There are huge numbers of empty houses and another single house should not be built until every empty house has been occupied, and no more people should be allowed in to the country unless there is a house available for them to move in to. I realise that it is cheaper to build new houses on previously unused ground ("See? I'm very reasonable. I am not a loony"), but we have to stop pandering to people who want to make easy money. In the long run it will be better for everyone if we acknowledge that the pleasant bits of our country do have a value which, although it can not be quantified in money terms, is extremely important for our national well-being.
If you stand by and do nothing about this housing in Dorset you will be letting us all down. Please act immediately. (You can't put in that stuff about the Westminster Dungheap either. MPs are very superior and do not take kindly to that sort of talk.)

Thank you. (More perfunctory and meaningless politeness. But at least you have still not sent your regards to SamCam)

          Yours sincerely,

                             M. G-AHLK (Mrs)


The letter will certainly be ignored and the houses built. If there is a halfpenny to be made, someone will make it. At least they will be able to connect Hardy's revolving body parts in their disparate graves, to some magnets and generate some electricity for the National Grid.


P.S. I did get a reply. An underling wrote and told me Mr Cameron was quite THRILLED to hear from me and has passed on my comments to the Development and Buildings Directive. 
So much for being the most powerful man in the land.



Friday 2 January 2015

Investment Advice

Currys - a company ON ITS KNEES

If you have got any shares in Currys I think you should ditch them right now, or at least as soon as the dealing floor opens in the morning. This firm is not bothering to make the slightest attempt to satisfy the customers, and people are going to notice before long. I have noticed already.

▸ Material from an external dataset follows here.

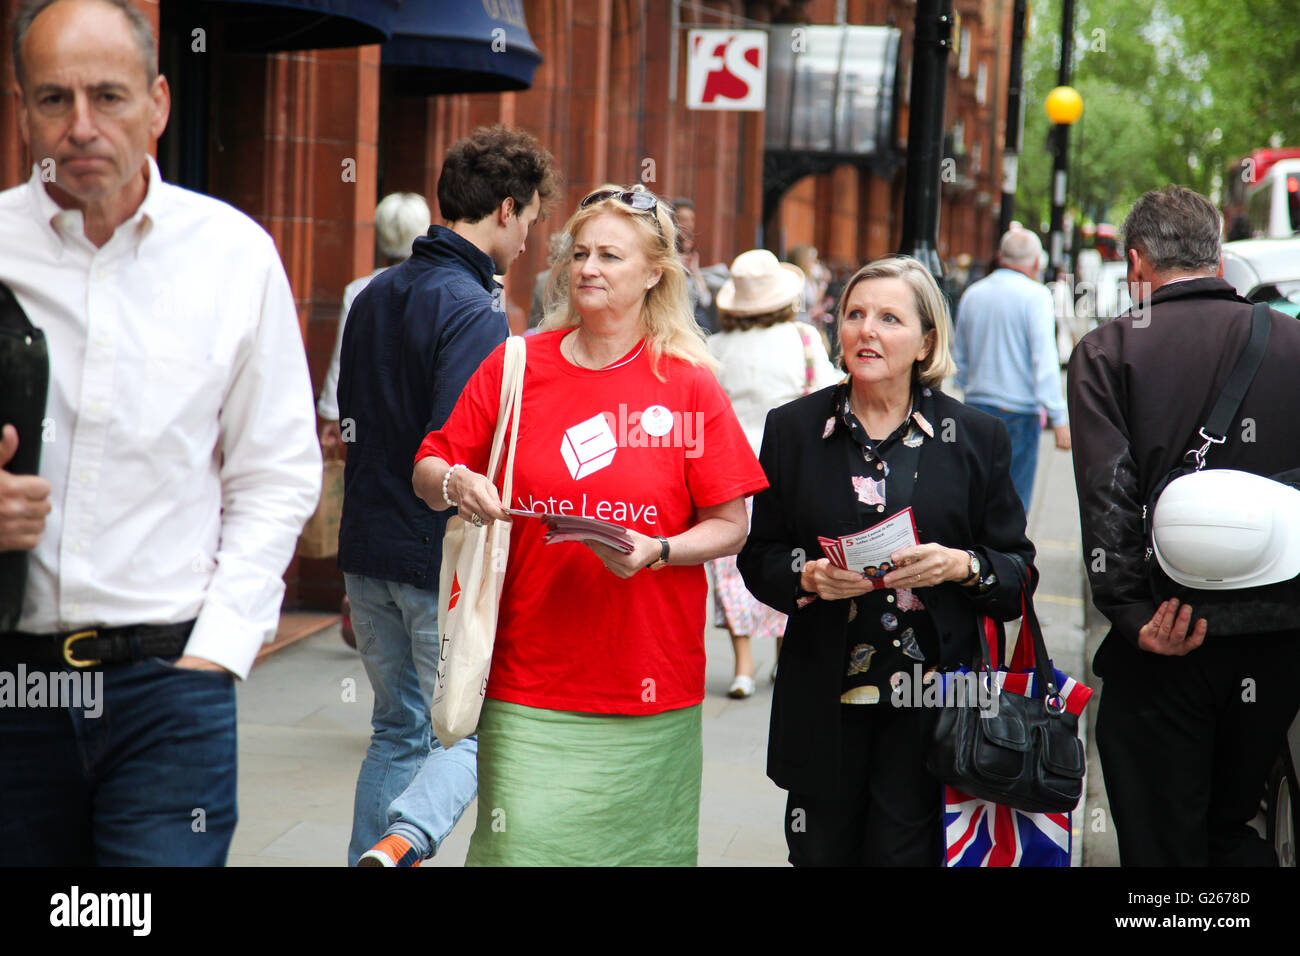 Sloane Square, London, Regno Unito 24 maggio 2016 - Votare per lasciare gli attivisti fuori RHS Chelsea Flower Show Credito: Dinendra Haria/Alamy Live News Foto Stock
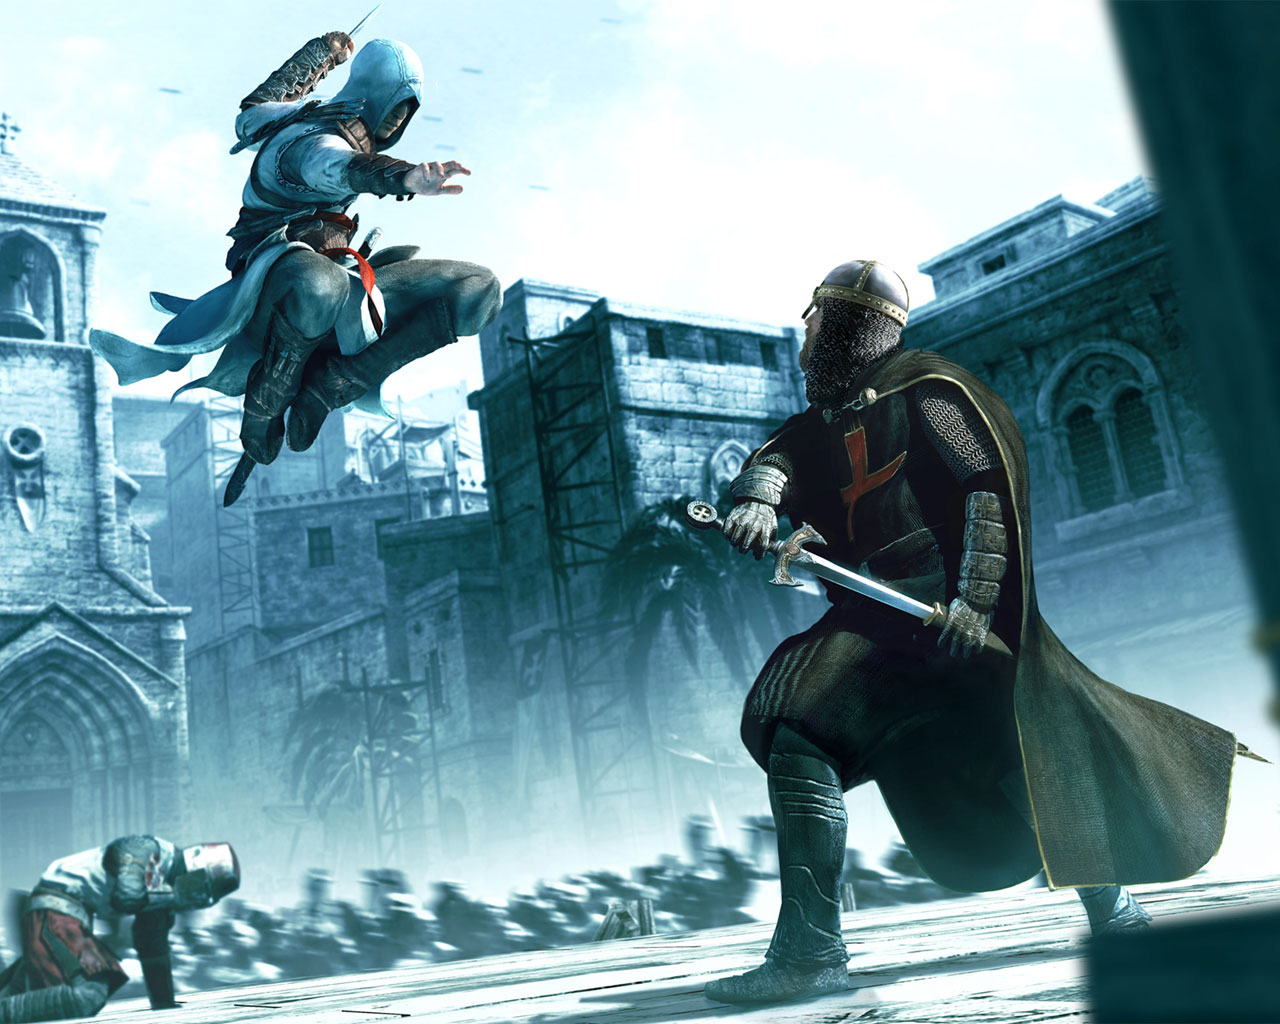 Fond d'ecran Assassin's Creed attaque

Currys -  the Investors' Bane. Sell NOW.

I went to a Currys shop recently to try to get an iPad thing in the sales. Mistake! It was a place of utter pandemonium. Horrible music played loudly on tinny speakers; numerous deafening alarms and beeping noises sounded constantly and no-one made any attempt to stop them. Ignorant, gauche young men milled about, their Currys livery betraying the fact that they were supposed to be helping the customers. They were all chewing gum. Well they weren't actually - they must have been forbidden to, which is something I suppose - but you could see that they wanted to. 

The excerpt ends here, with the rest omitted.